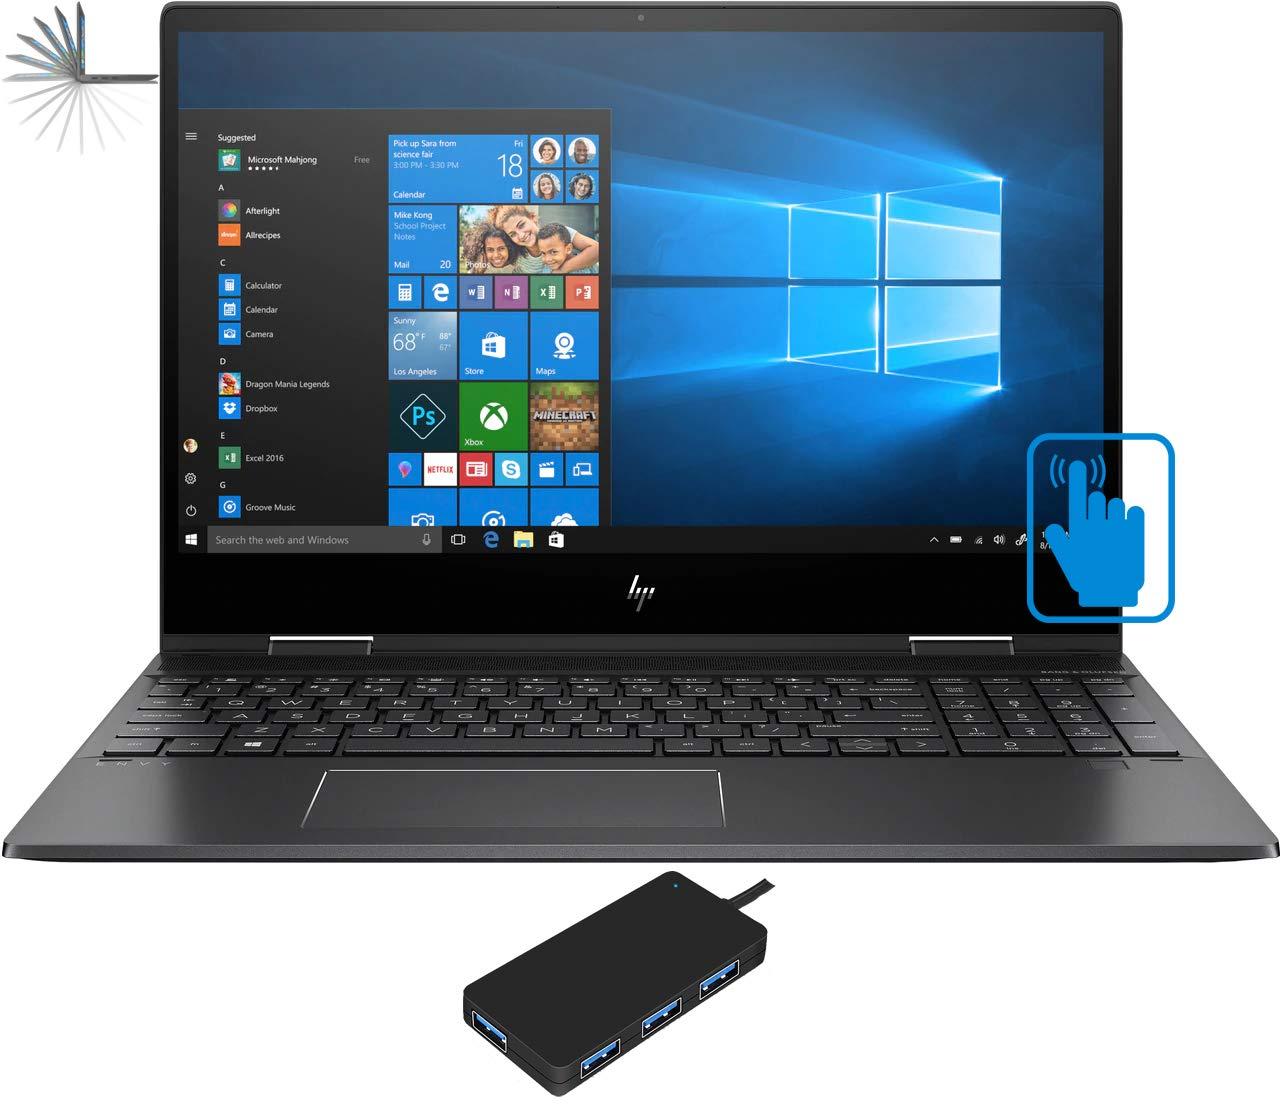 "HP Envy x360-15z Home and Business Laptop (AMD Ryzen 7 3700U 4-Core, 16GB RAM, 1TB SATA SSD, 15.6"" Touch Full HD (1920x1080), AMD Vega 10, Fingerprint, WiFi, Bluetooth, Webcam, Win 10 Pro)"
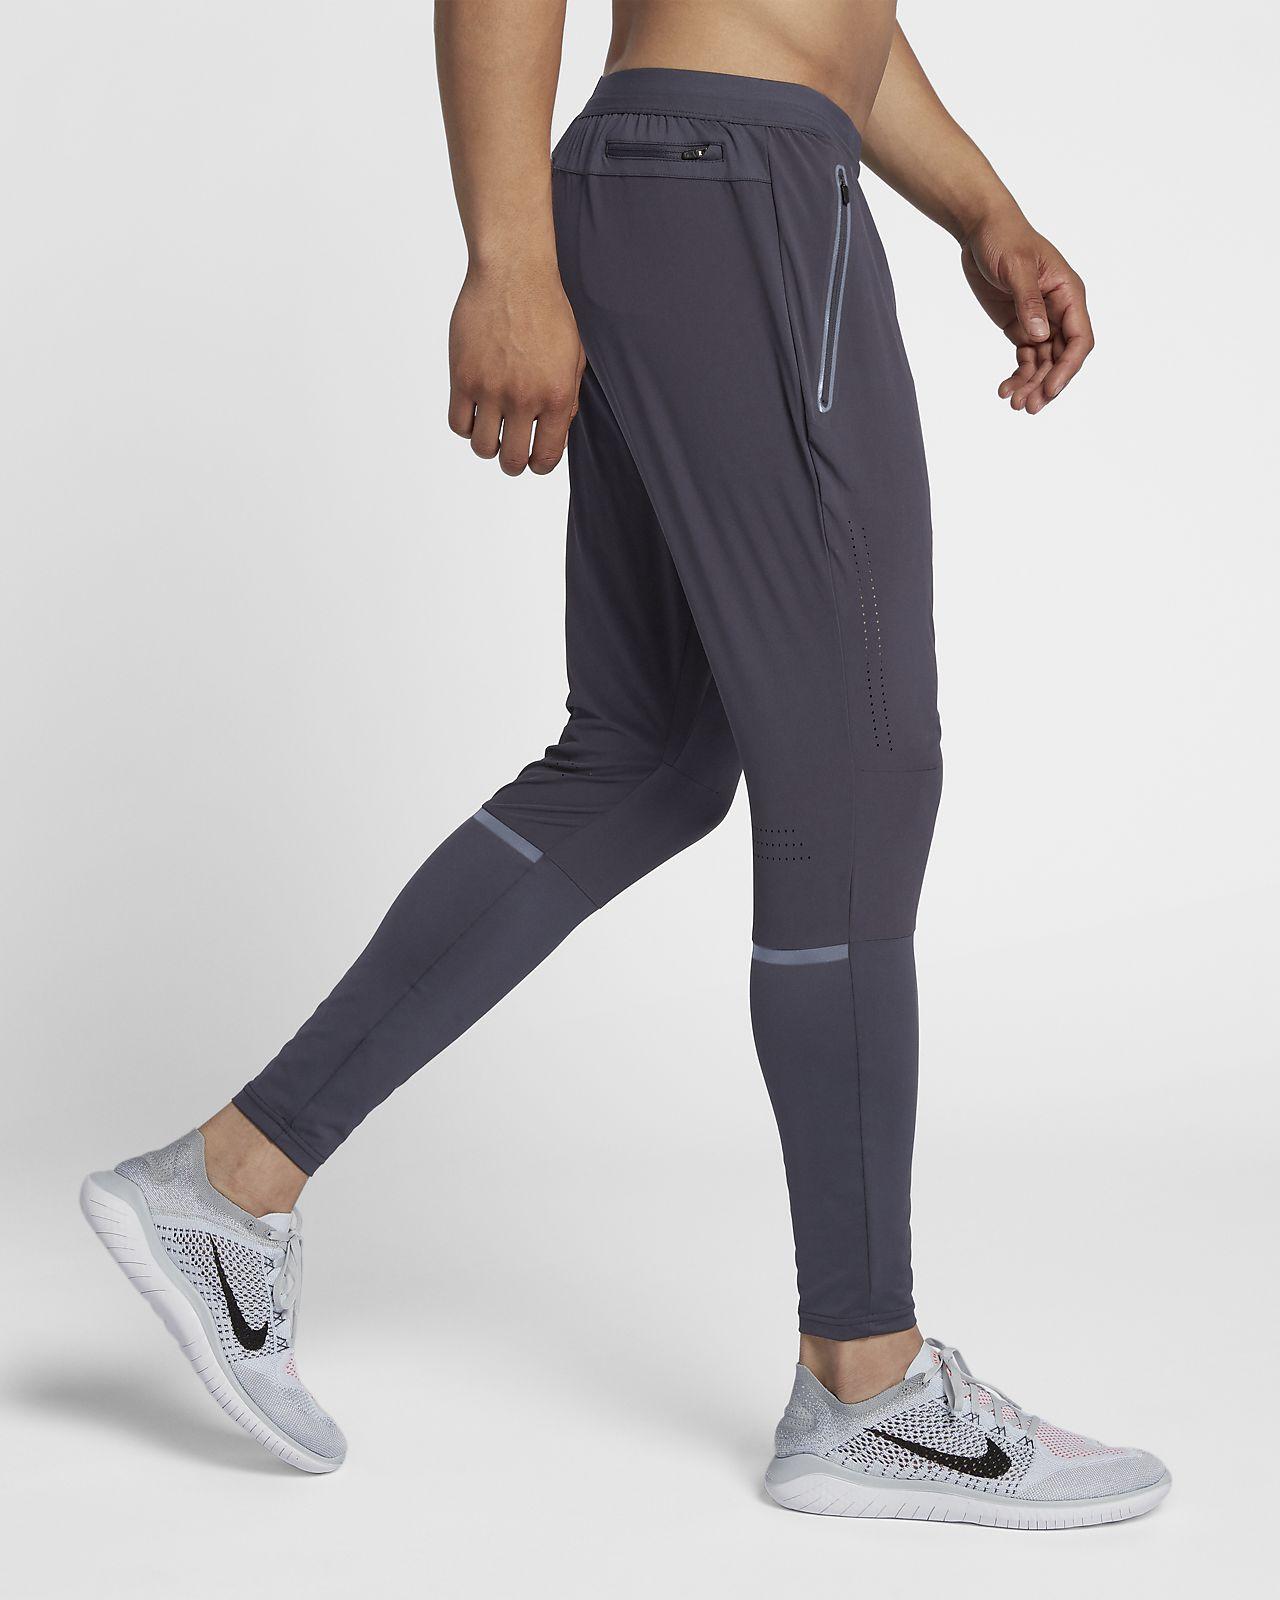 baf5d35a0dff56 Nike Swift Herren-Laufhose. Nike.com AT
-*-
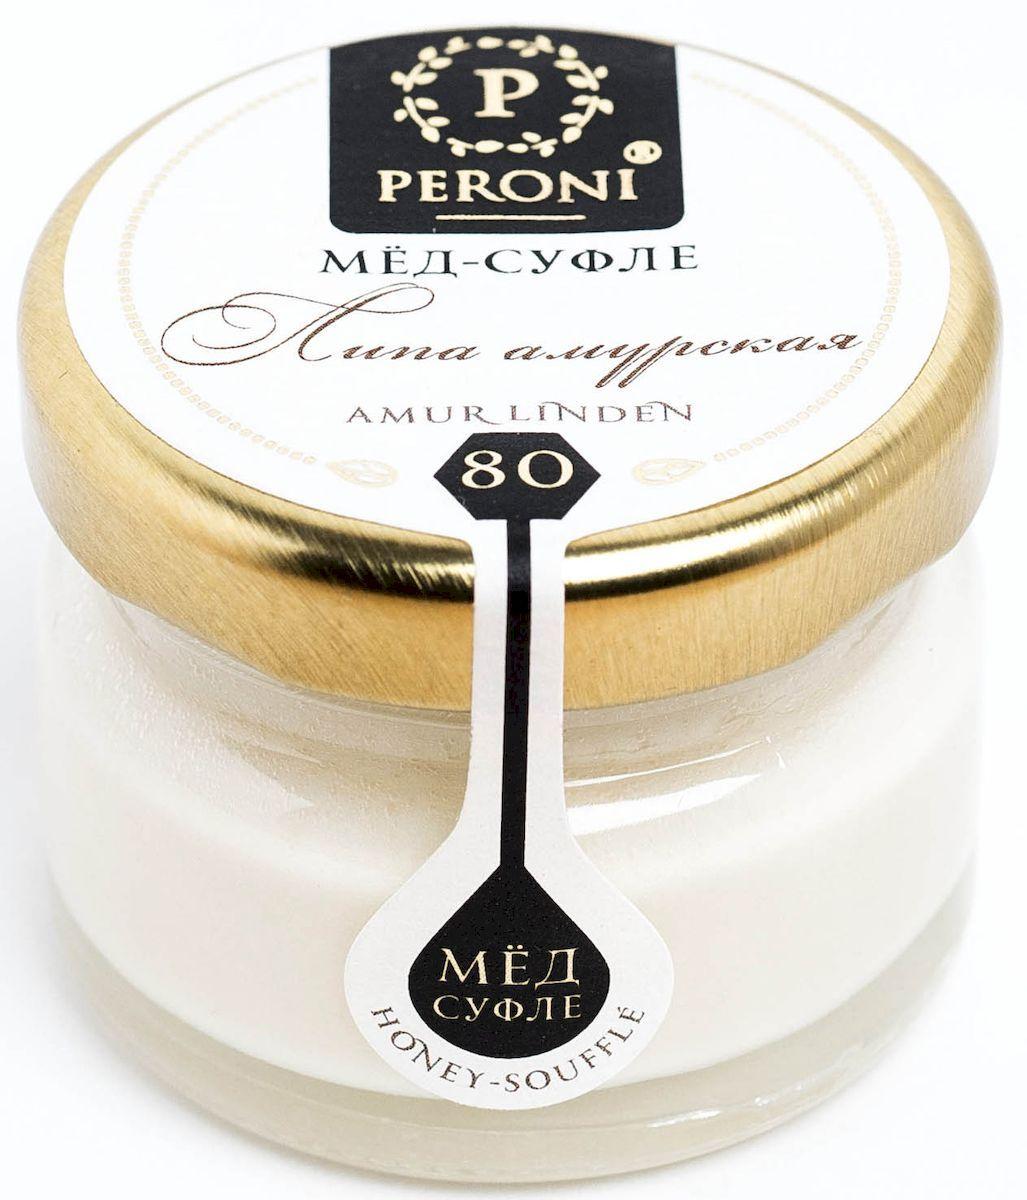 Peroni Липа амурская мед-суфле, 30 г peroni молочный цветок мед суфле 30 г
-*-
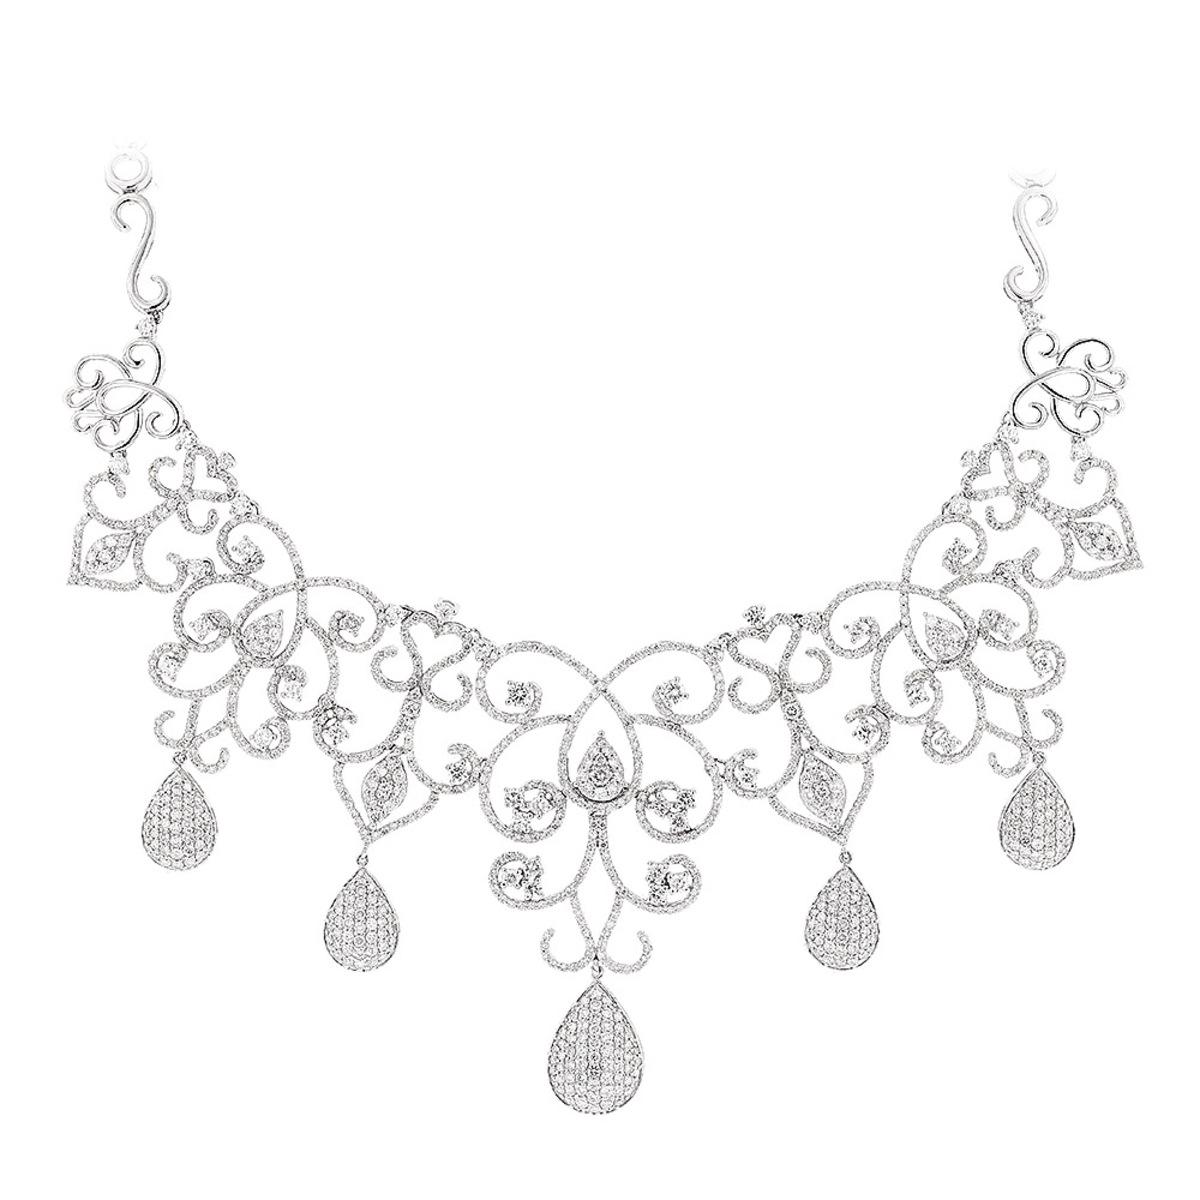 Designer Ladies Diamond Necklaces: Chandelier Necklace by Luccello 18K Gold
-*-
▶ **Required action**: A clean copy is needed of the lines above from the one with "Envy x360-15z Home" up to and including the one with "baf5d35a0dff56 Nike Swift". Please set it down exactly, with no pictures.

▶ **Response to the exercise**:
 "HP Envy x360-15z Home and Business Laptop (AMD Ryzen 7 3700U 4-Core, 16GB RAM, 1TB SATA SSD, 15.6"" Touch Full HD (1920x1080), AMD Vega 10, Fingerprint, WiFi, Bluetooth, Webcam, Win 10 Pro)"
 baf5d35a0dff56 Nike Swift Herren-Laufhose. Nike.com AT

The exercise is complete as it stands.